*INPUT DATA*
*-*-*
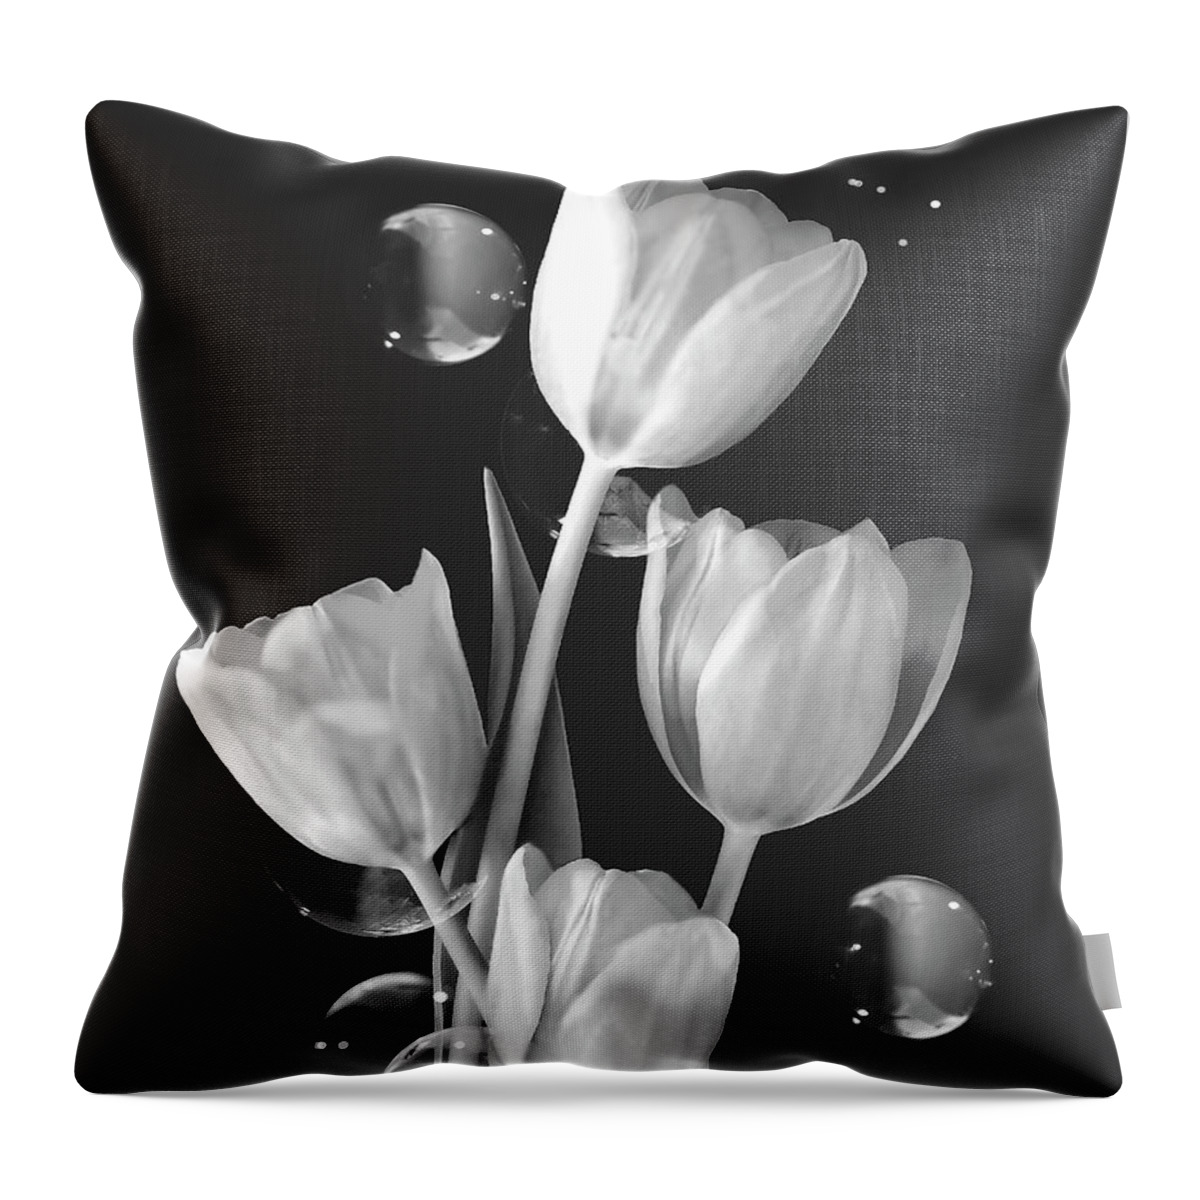 Tulip Throw Pillow featuring the photograph Artistic Tulip Bouquet 2 by Johanna Hurmerinta
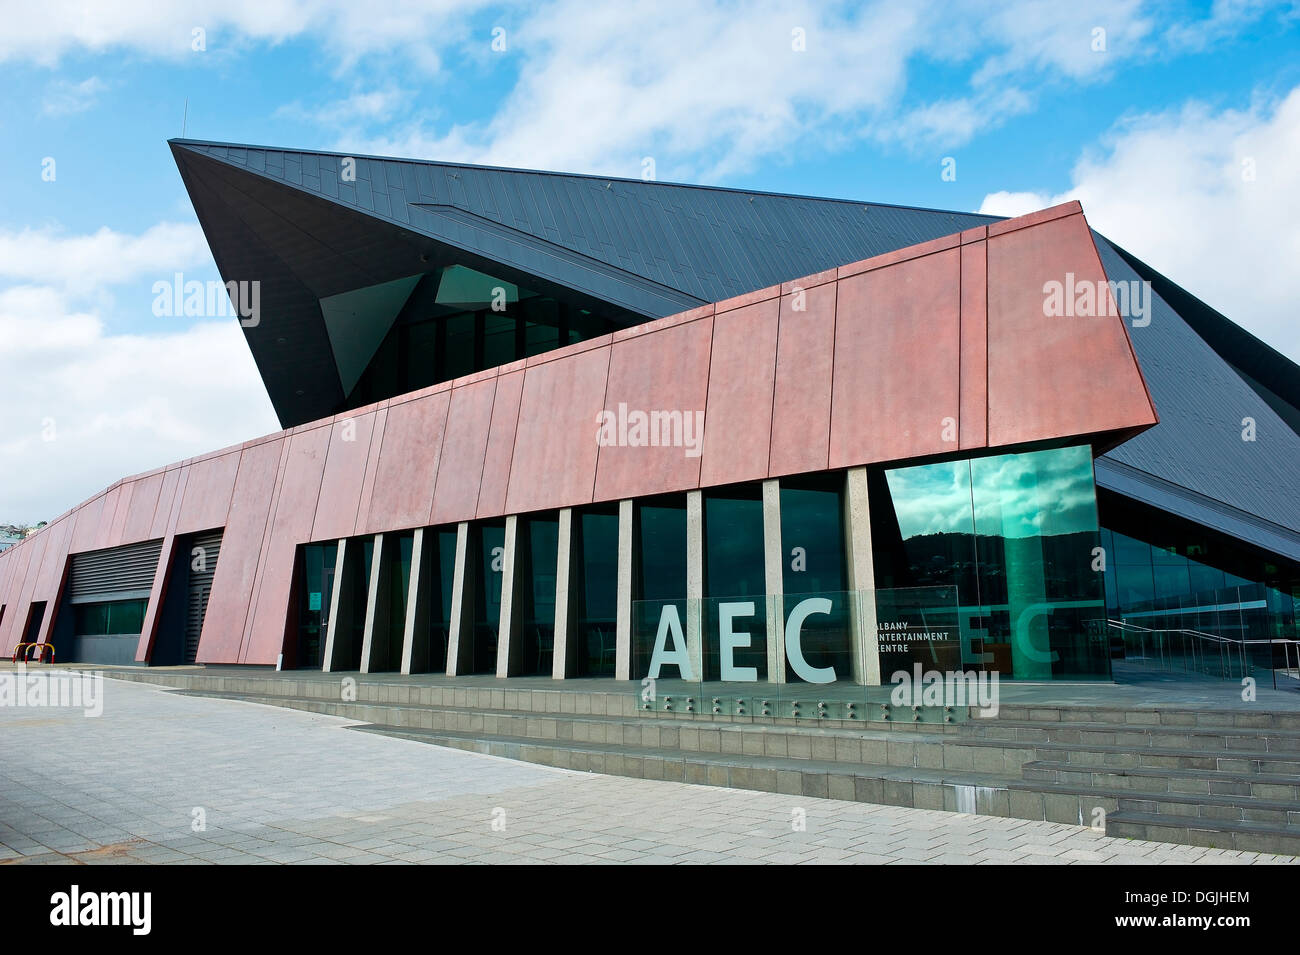 Die Albany-Entertainment-Center in Albany in Westaustralien. Stockfoto
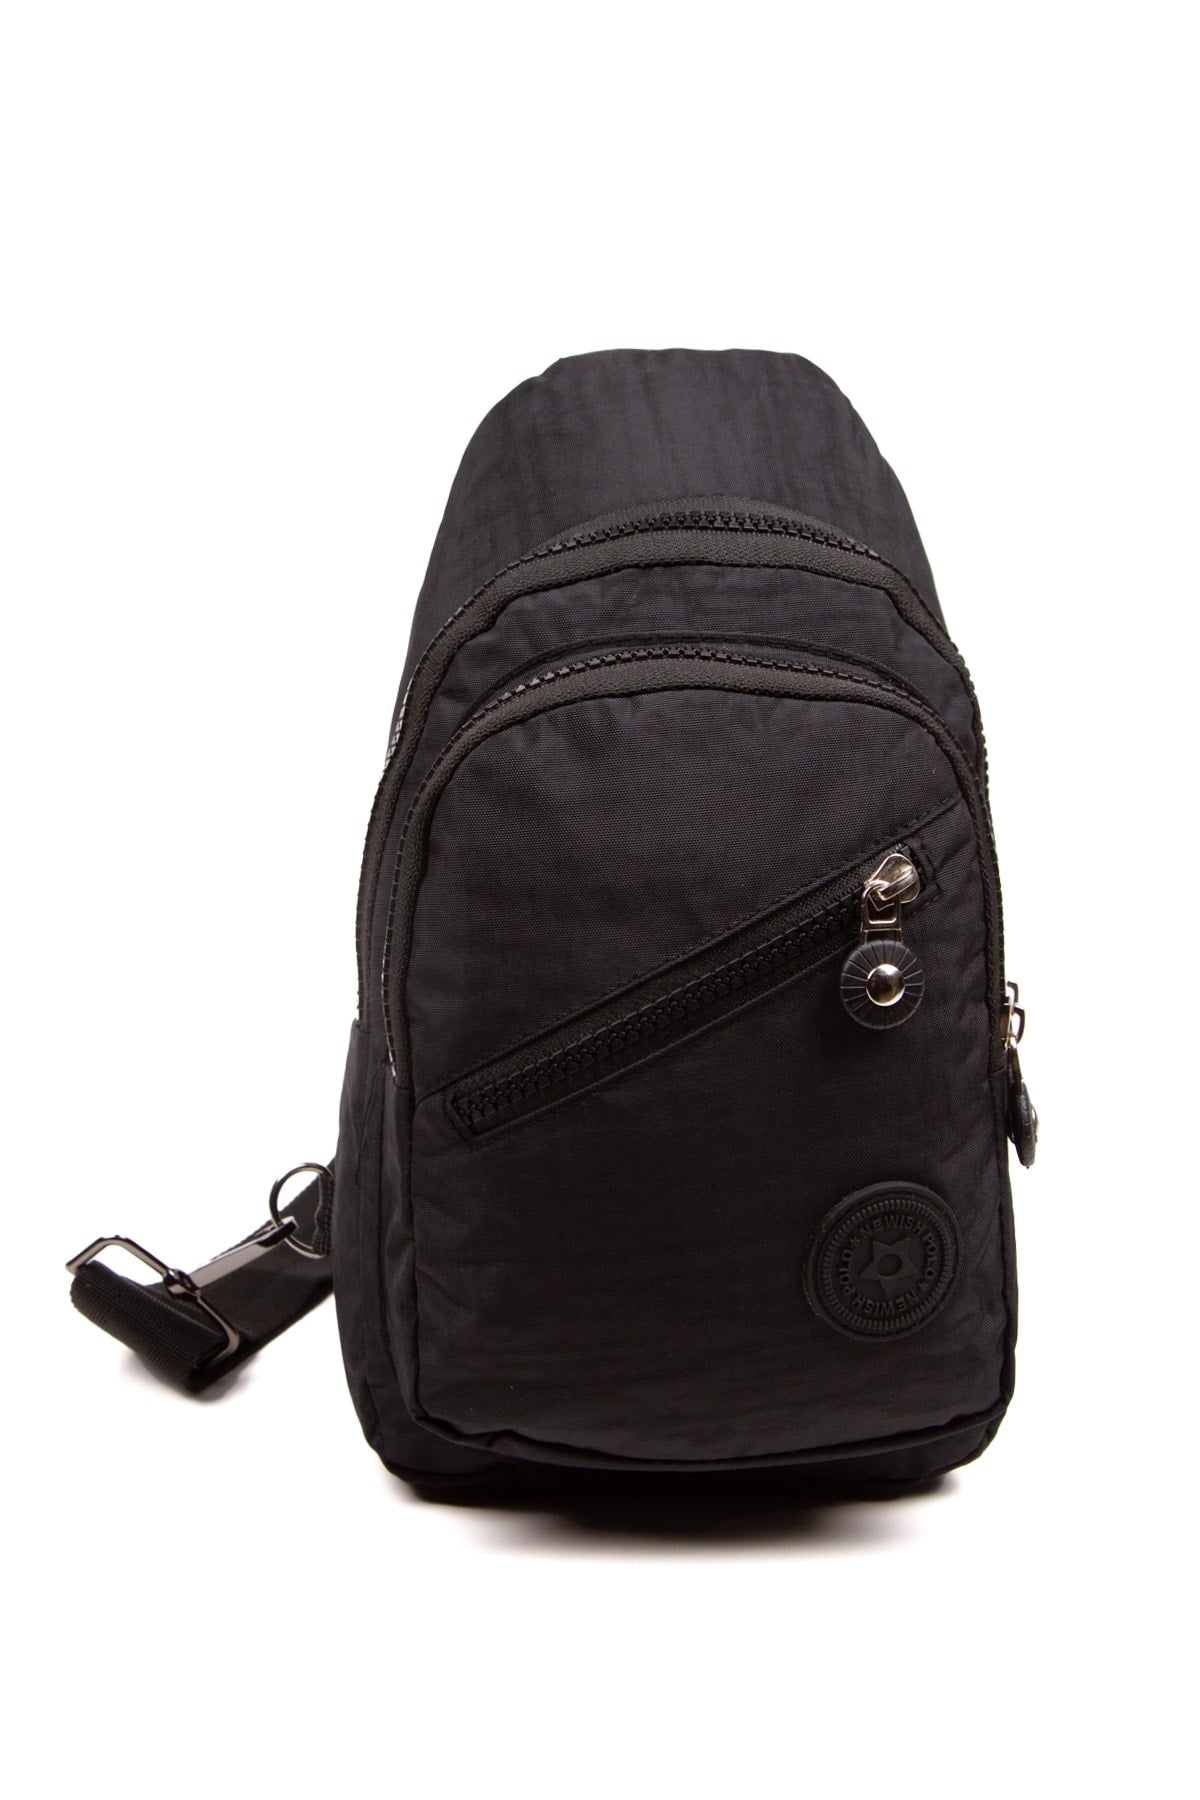 Unisex Crinkle Waterproof Bag, Crossbody Shoulder And Chest Bag, Bodybag, Black Color
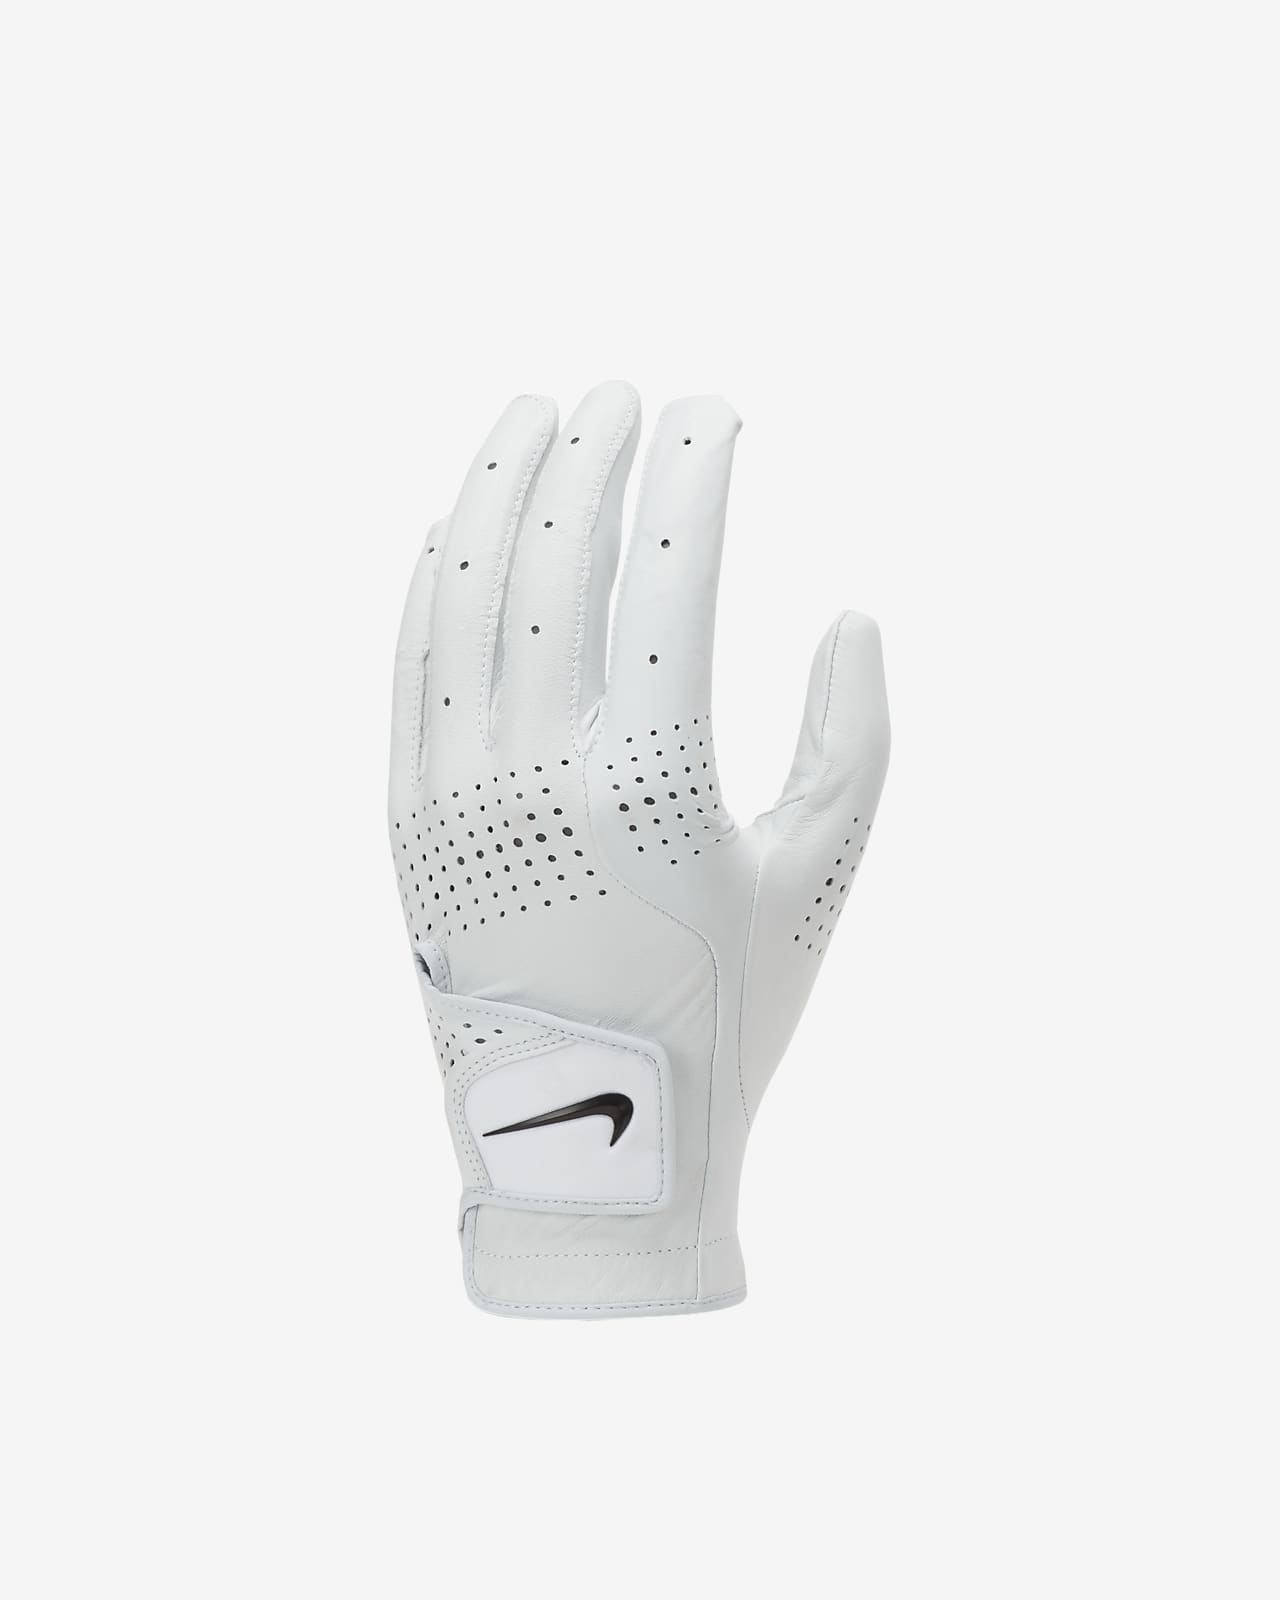 Nike Tour Classic 3 Golf Glove (Left Cadet)
*-*-*
*AIM OF THE EXERCISE*
Exactly the lines from the line with "Unisex Crinkle Waterproof" through the end of the data are to be reproduced, and no picture is to be included.

*PROBLEM SOLUTION*
 Unisex Crinkle Waterproof Bag, Crossbody Shoulder And Chest Bag, Bodybag, Black Color
 Nike Tour Classic 3 Golf Glove (Left Cadet)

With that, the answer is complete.